- Exercise details
Look through the listing below for the line with "Ткань для улицы: Дралон (Outdoor) 400333v29" and the line with "Aqua Sphere Zip VX Swim Fin - 2019 price". Copy both, along with every line between them, exactly and with no pictures.

- Source data
++++
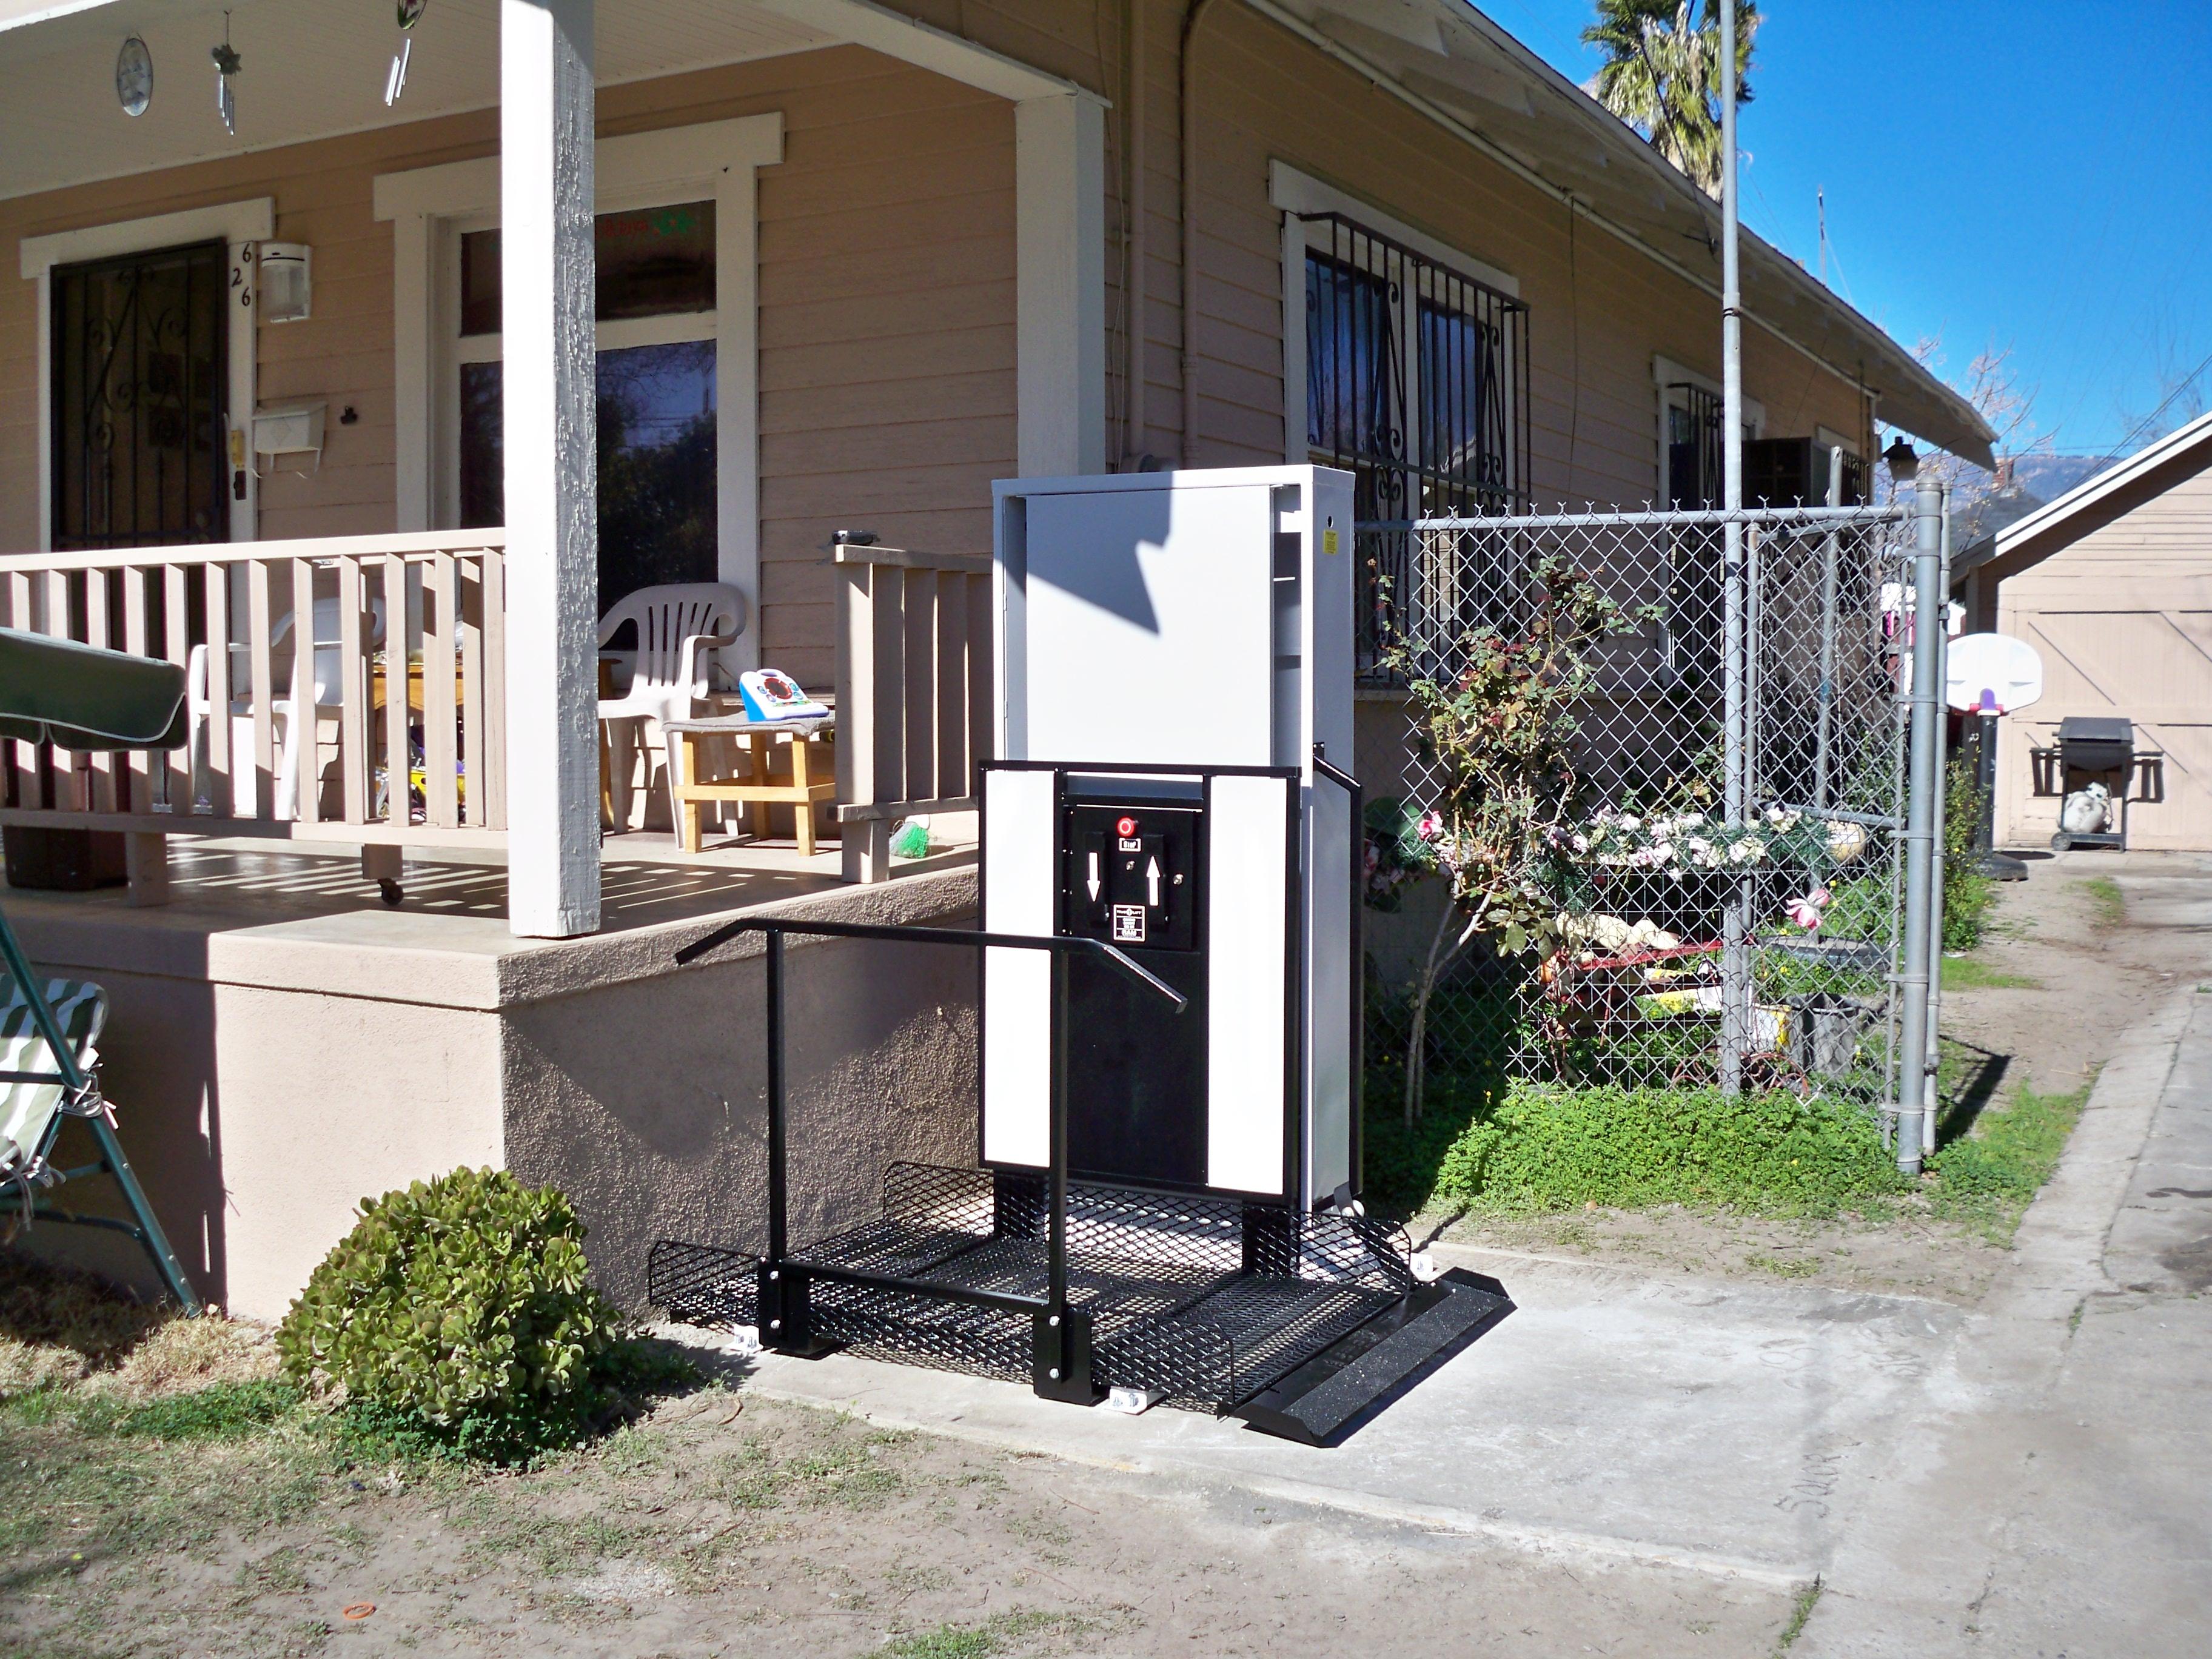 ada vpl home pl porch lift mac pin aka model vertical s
++++
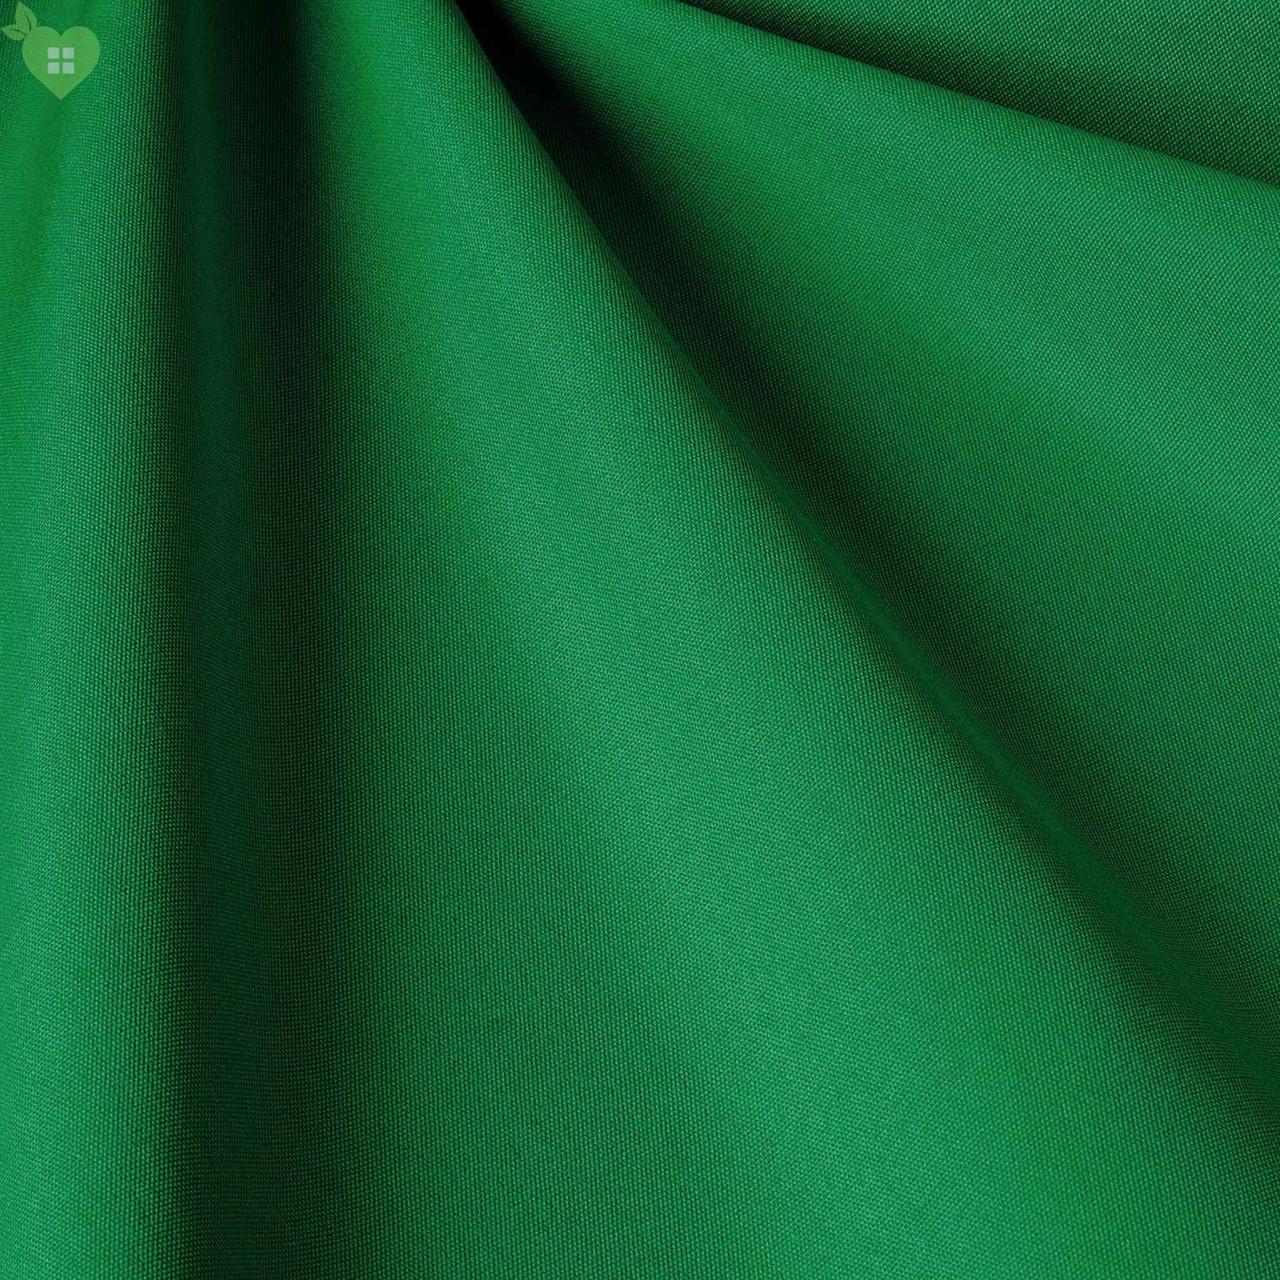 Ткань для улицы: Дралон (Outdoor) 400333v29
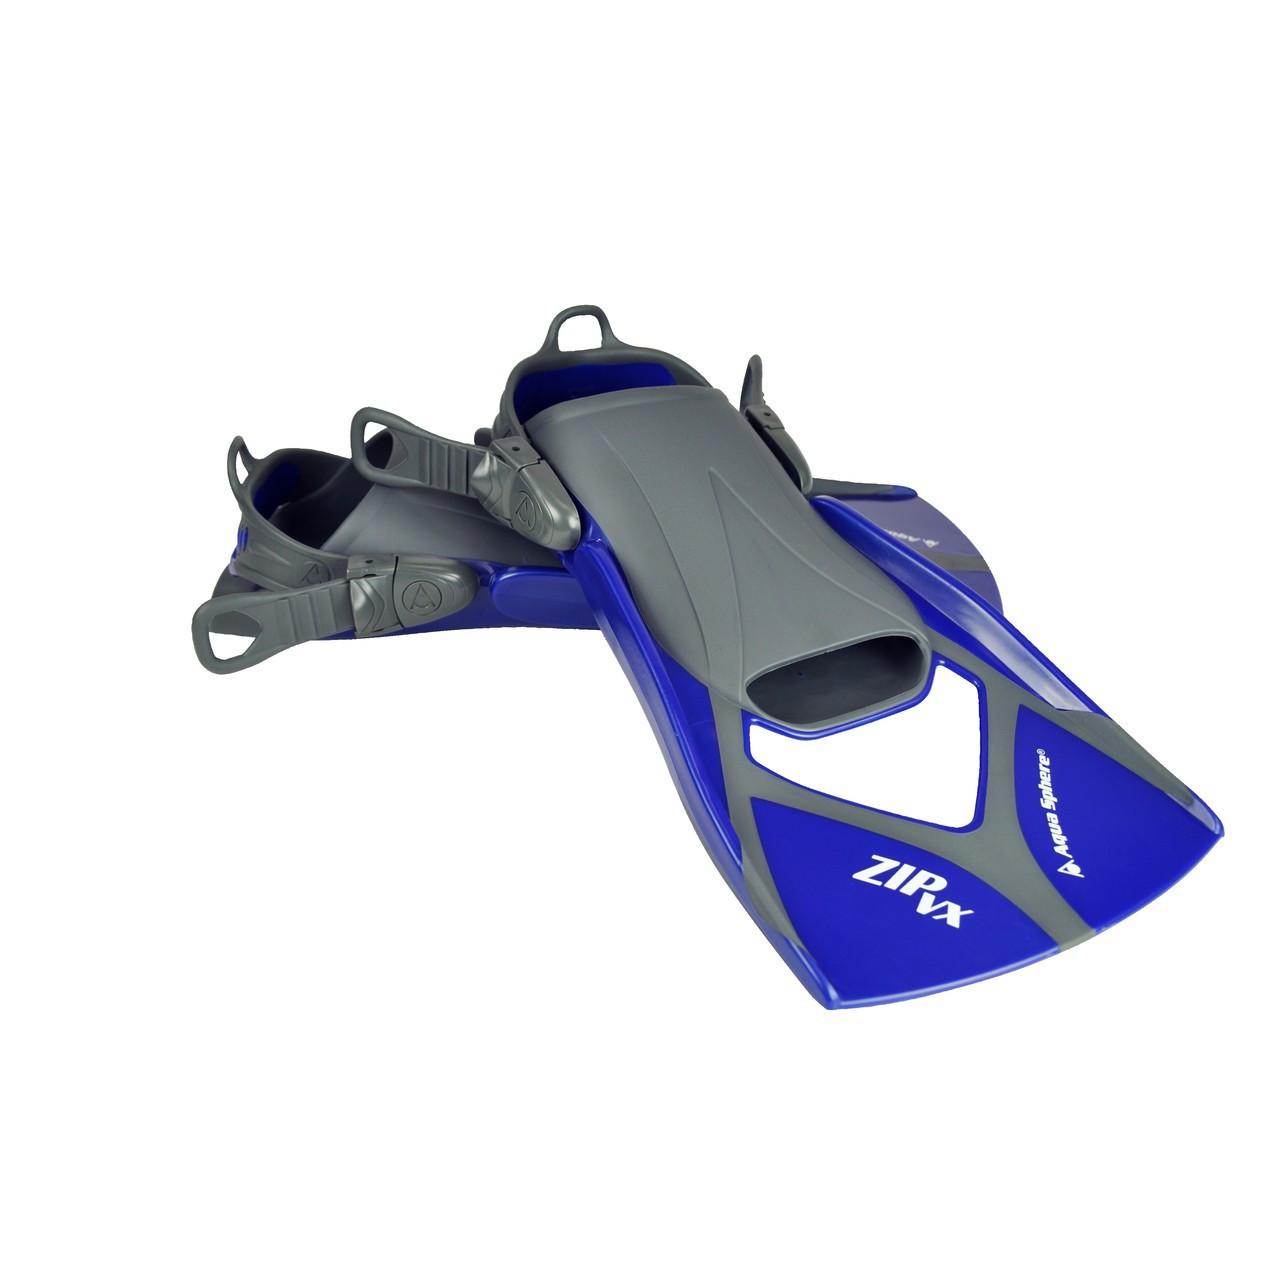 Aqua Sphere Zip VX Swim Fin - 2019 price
++++
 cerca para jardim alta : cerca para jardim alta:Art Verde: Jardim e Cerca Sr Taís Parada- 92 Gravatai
++++
- Result below
 Ткань для улицы: Дралон (Outdoor) 400333v29
 Aqua Sphere Zip VX Swim Fin - 2019 price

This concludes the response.